I've seen sites that provide services, and post links to other sites that offer related services on their acknowledgement of payment/receipt page. The links are there for a person to see when their initial task is complete, and when those other services become relevant. They are the right links at the right time.
Getting known is all about building relationships, building networks, and being seen in the right place at the right time. Stand apart. Differentiate.
That's the part of a marketing plan that works, and works well. Relying solely upon a search engine is a risky proposition, but building a network of business relationships is one of the key factors of good planning. You're no longer quite at the risk of search engines, and the rise and fall of search results.

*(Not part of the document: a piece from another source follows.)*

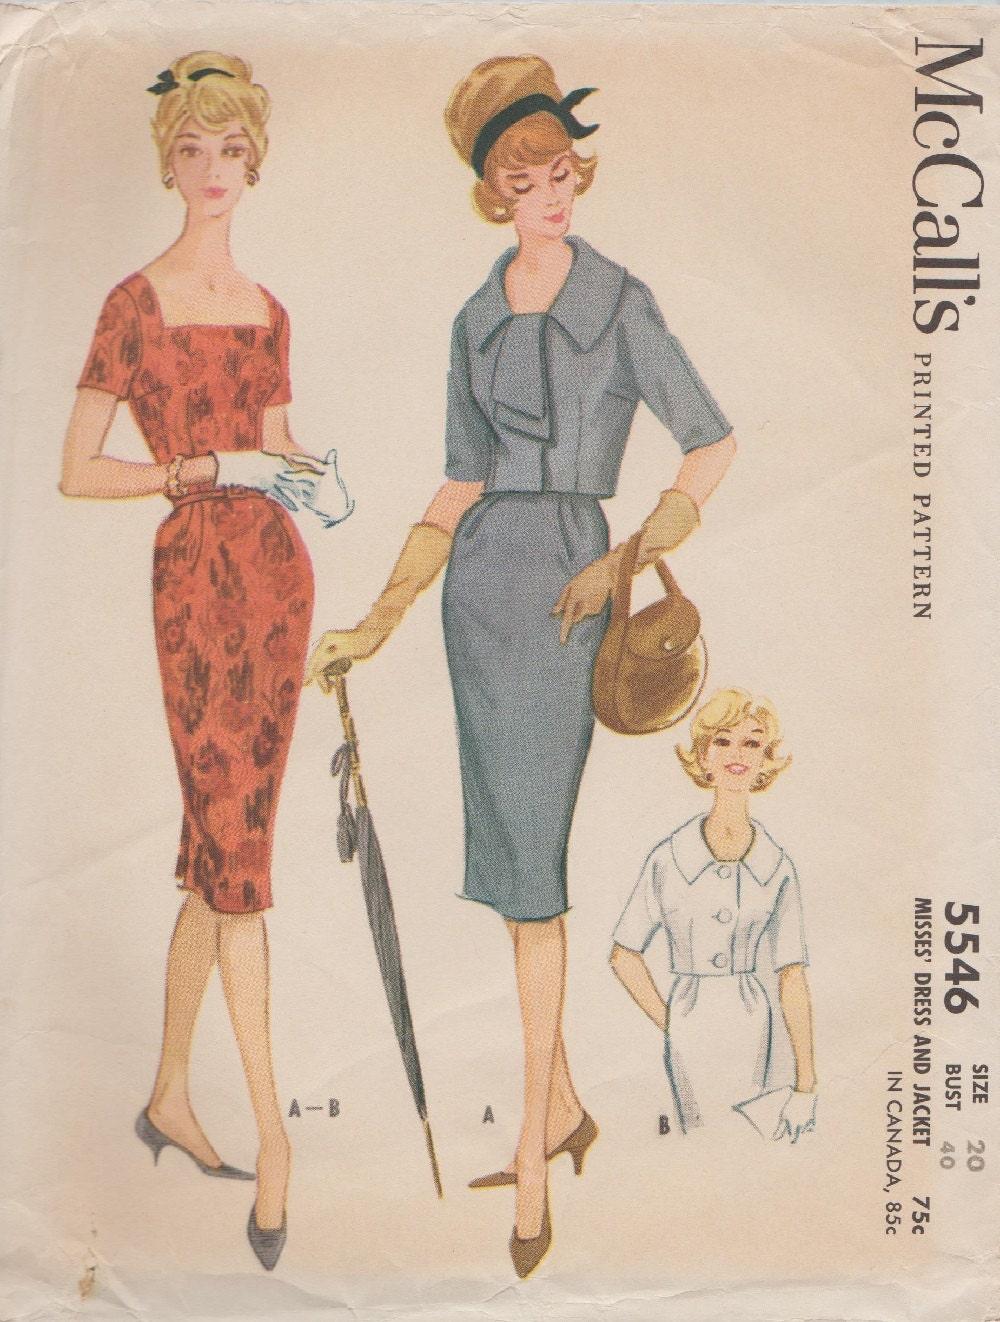 Schnittmuster McCalls 5546 / Vintage 60er Jahre / Kleid und

So how does someone build those relationships? Local chambers of commerce? Trade associations? Satisfied customers spreading the word? Repeated communications with people who offer complementary goods and services? Visits to trade shows and conferences? Blog comments, and forum posts?
So if the search engines disappeared without a trace, I think other mechanisms would quickly arise to meet the needs of Internauts.
I'm beginning to think that those are out there now.
I added 40 pages with RSS feeds to my bloglines
subscription last night. It brings me to about 150 total sites. I have other ones listed on Kinja
. Now, instead of popping a question into my search engine on a subject, I might start up bloglines first, and look to see what's news, and what people are writing about and linking to.
The number of email newsletters I'm subscribing to has grown from a couple to about 20. It's not a large amount, but some of them are daily. A lot of them link to interesting pages, and news stories. It's a great way to keep informed.
Sites like Slash Dot
, and many others are places to go to find the interesting and often the unusual. Forums can also be helpful in finding information.
Those are just a few models for sharing and finding information on the web. I know there are many others. If anyone is relying solely upon search engines as a way to be found, they are missing opportunities.
...Search engines will I think evolves in this direction: more "natural language" abilities, local directories
Interesting, isn't it, to think that search engines are changing and evolving, too? The search engines of four or five years ago weren't that different than they are today. But in some ways they are.
Just what does a local search in Yahoo or Google mean to the average web master? What are the implications of "natural language" searches and semantic analysis indexing, where the context of keywords on a page may just play a more important role than in the past?
What are some other strategies for getting web pages in front of the right people without relying on search engines?